## What needs to be done
Find the line with "uomoaslu 2 tenda" in the data below. Repeat it and every line after it up to the end, exactly, but drop the pictures.

## Exercise data
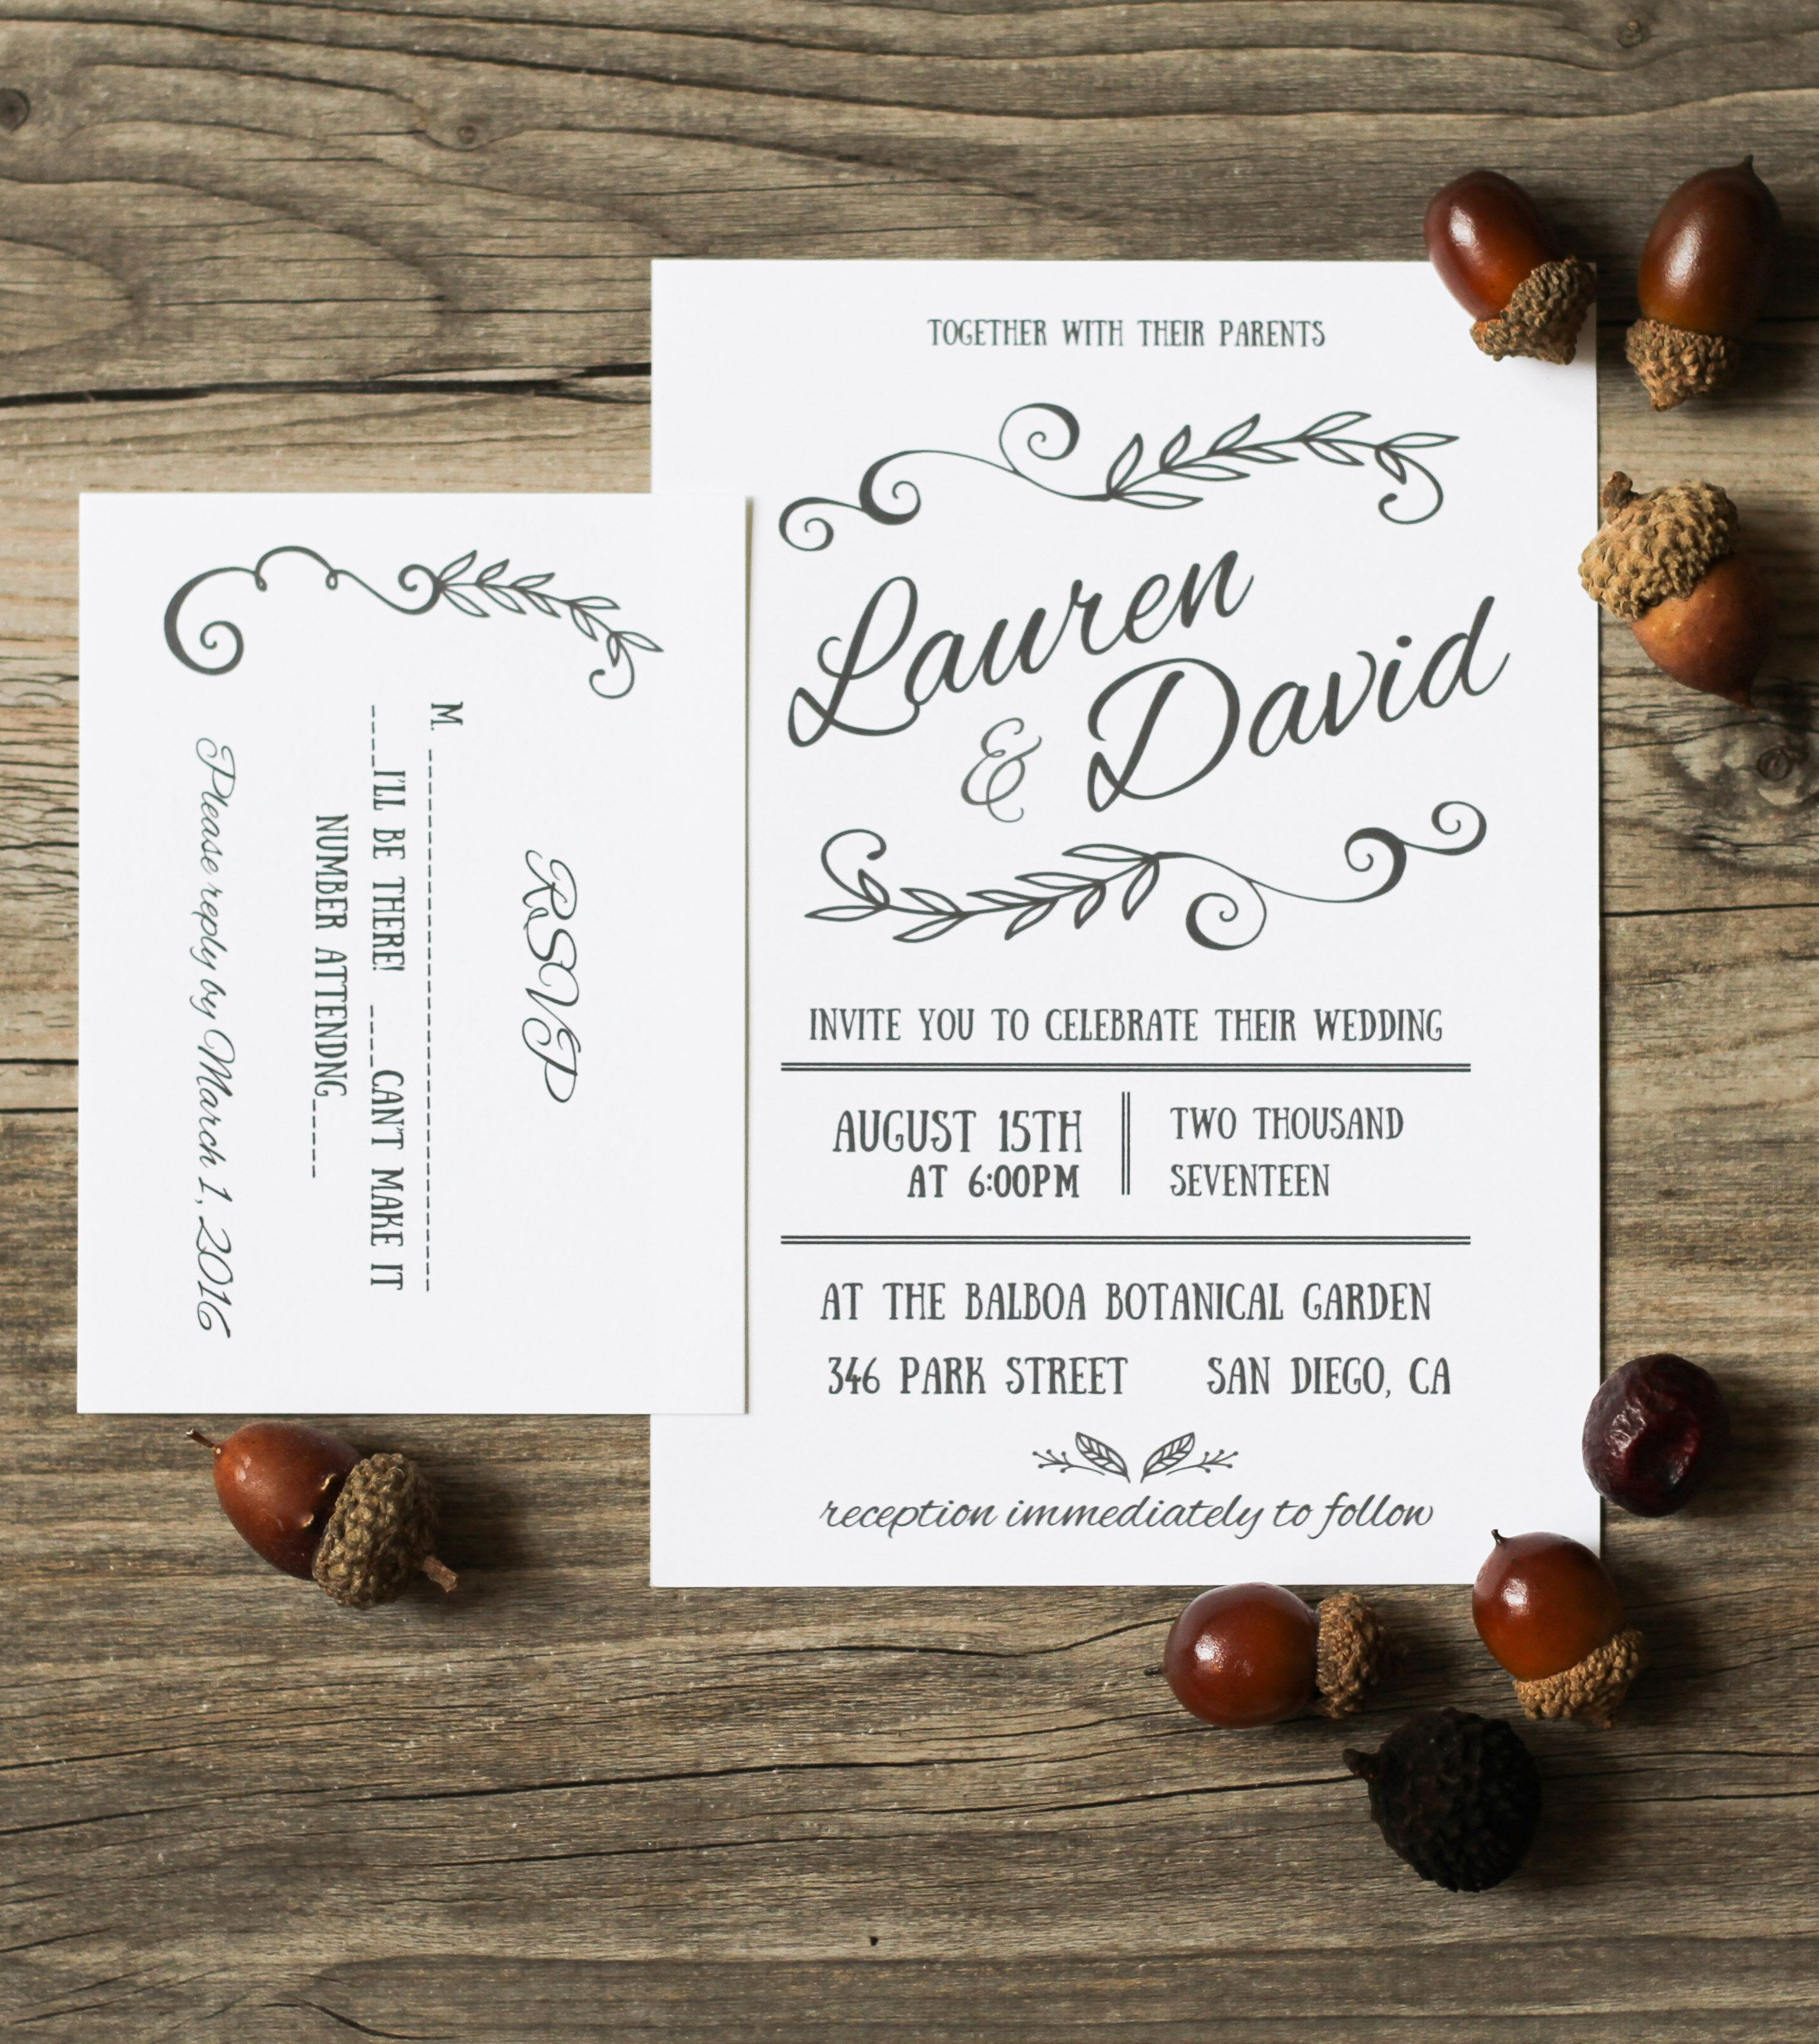 Diy Microsoft Word Invitation Templates That You Can Make At Home - Free Printable Wedding Invitation Templates For Microsoft Word
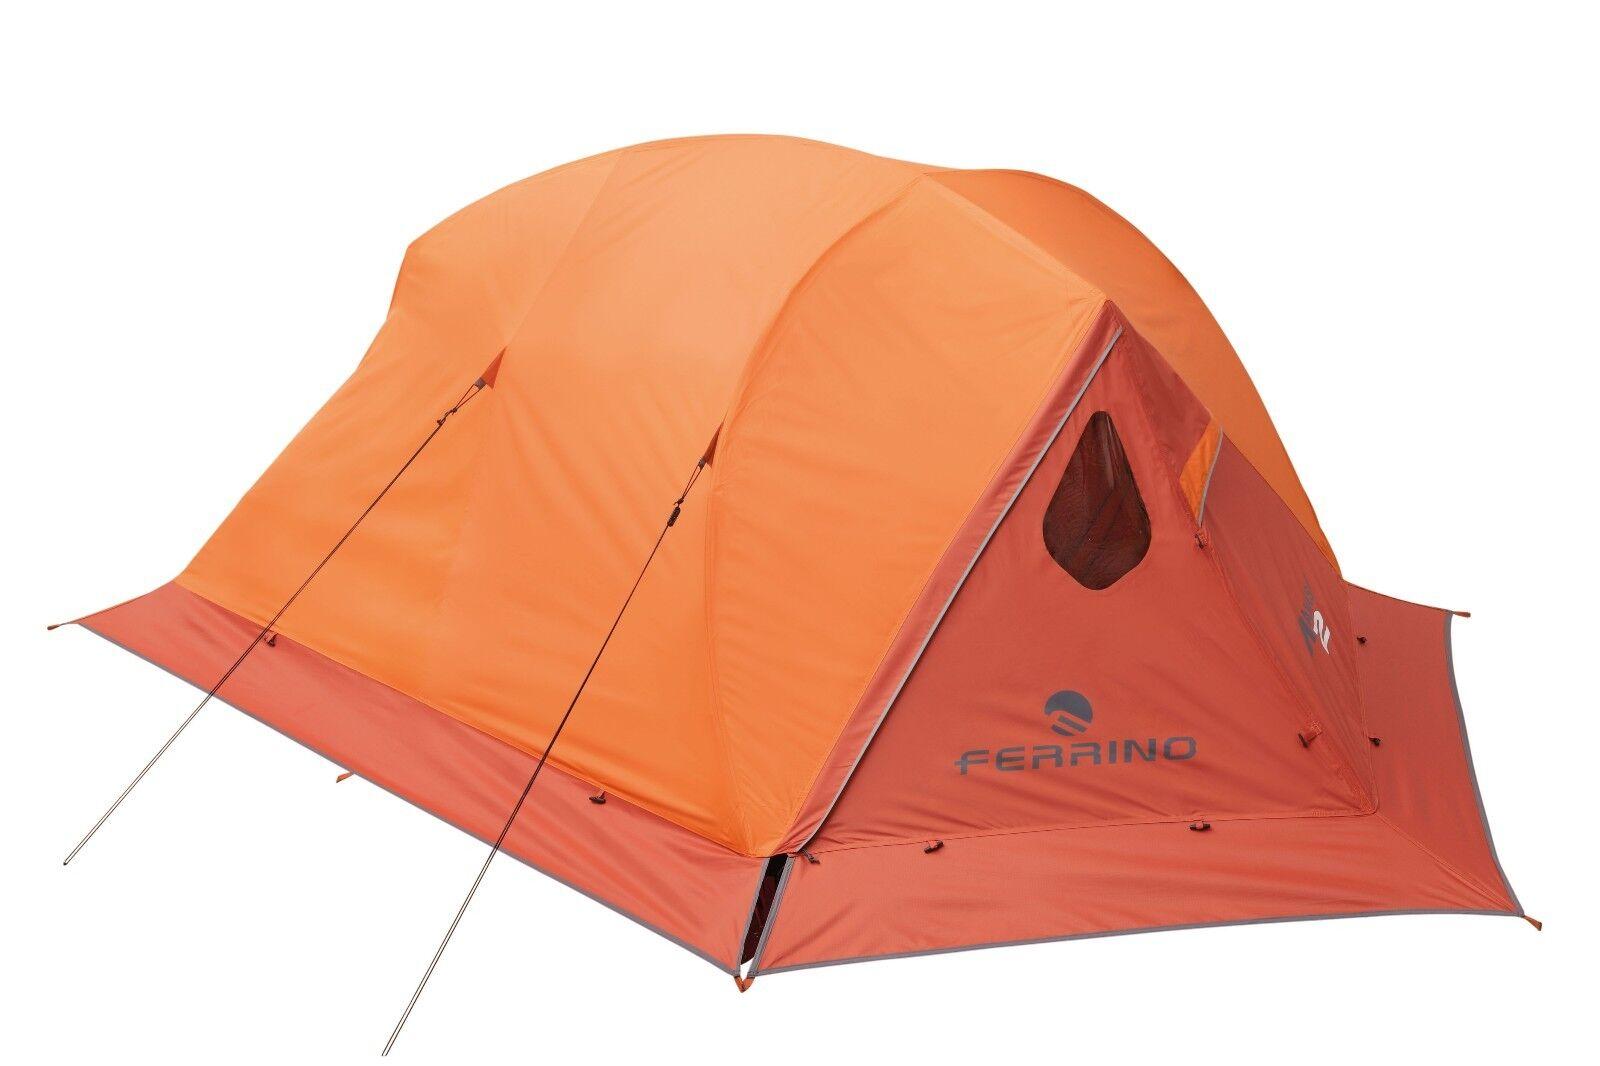 uomoaslu 2 tenda 4 stagioni seasons Ferrino mountain igloo tent lightweight lite
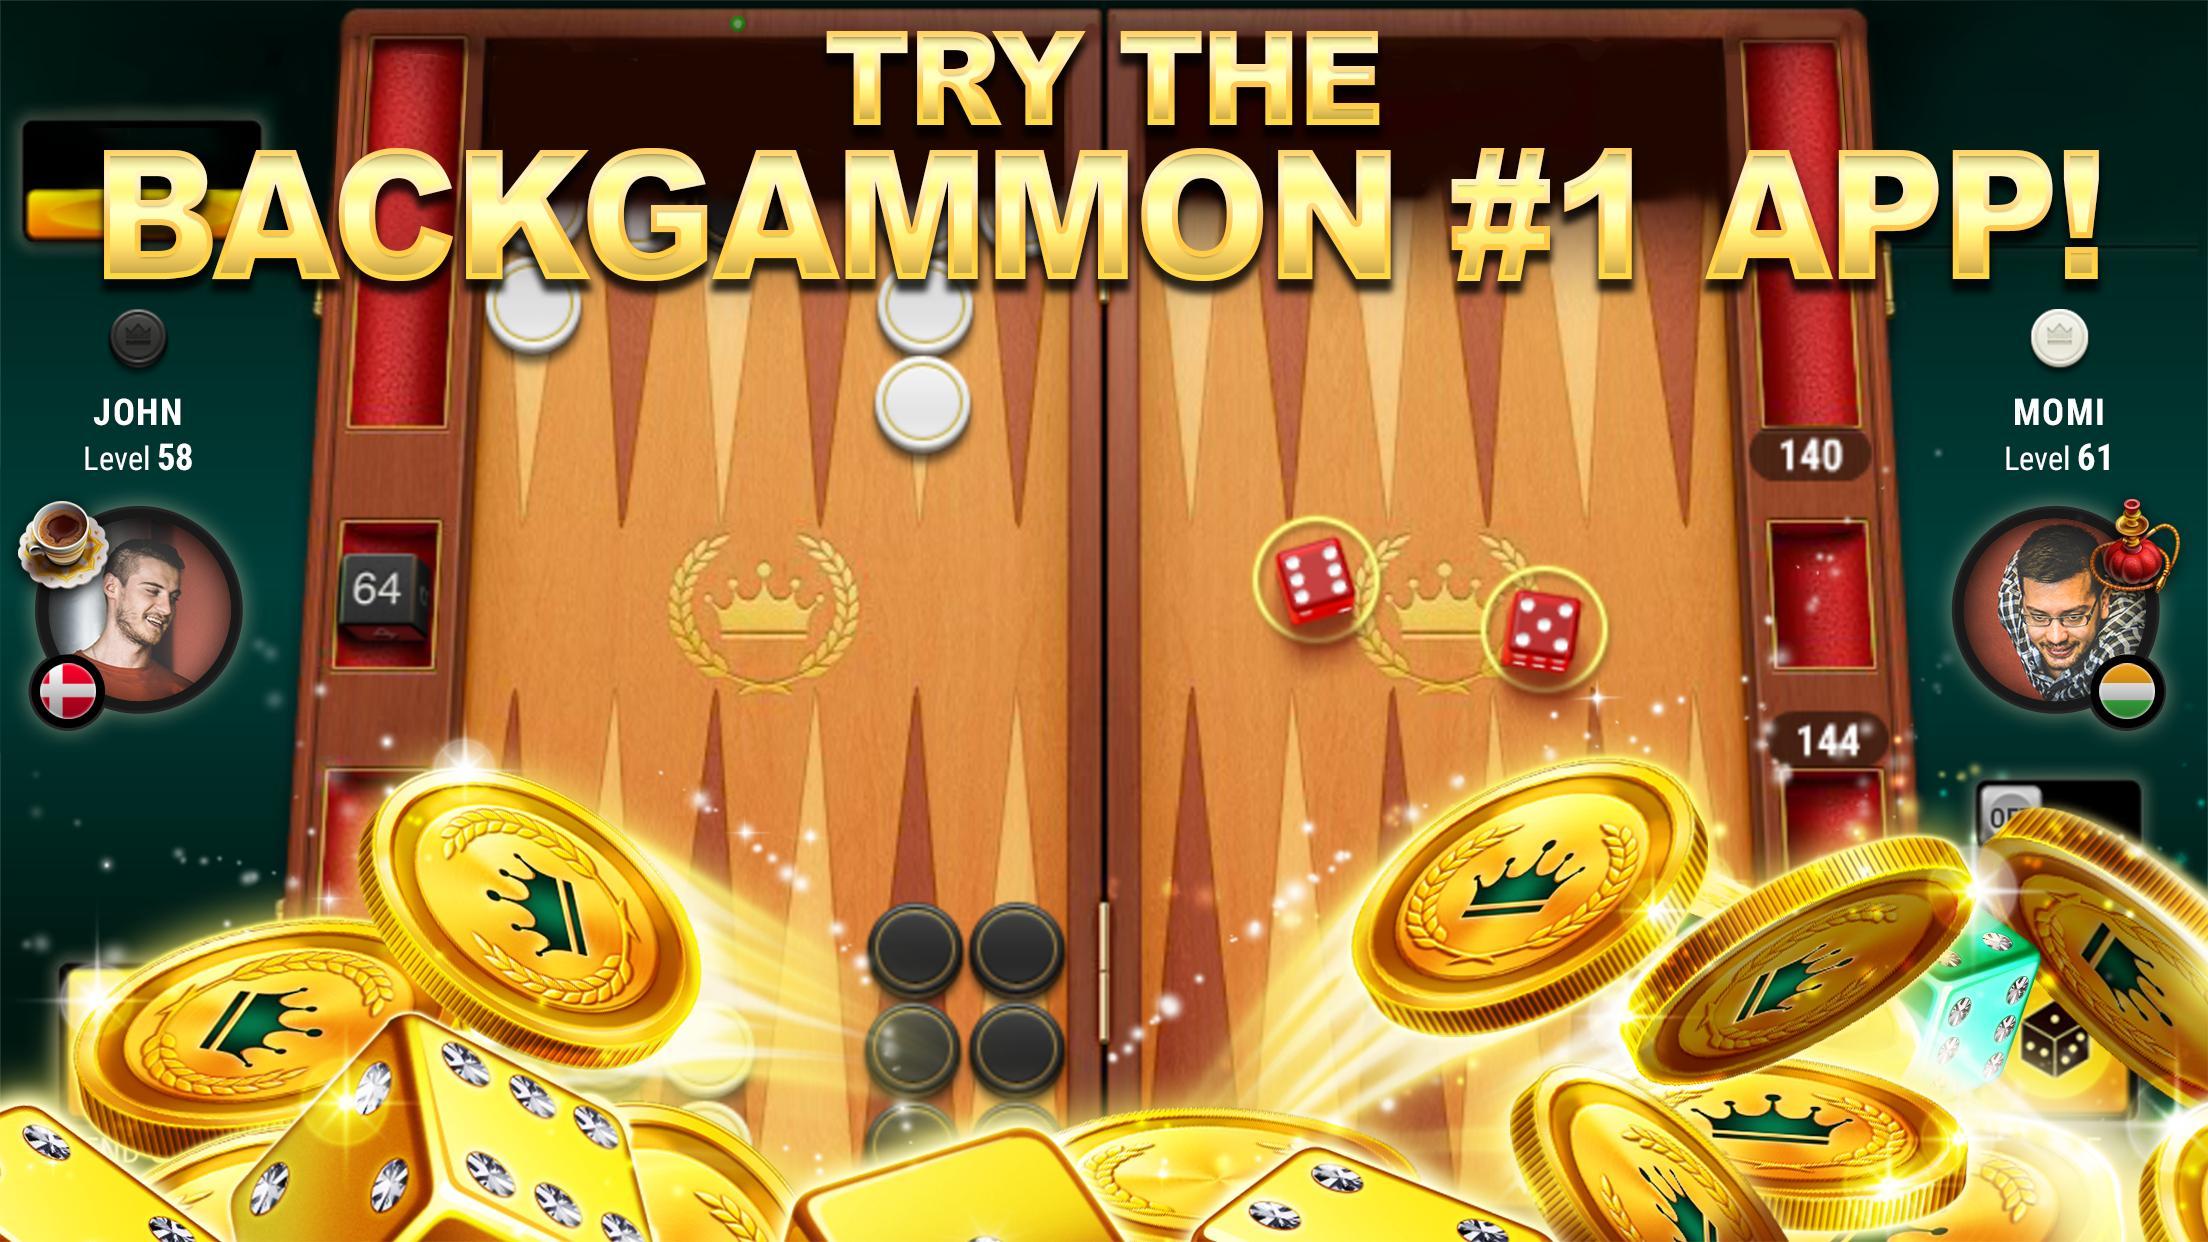 Backgammon Live - Play Online Free Backgammon 3.5.245 Screenshot 5

## Written reply
 uomoaslu 2 tenda 4 stagioni seasons Ferrino mountain igloo tent lightweight lite
 Backgammon Live - Play Online Free Backgammon 3.5.245 Screenshot 5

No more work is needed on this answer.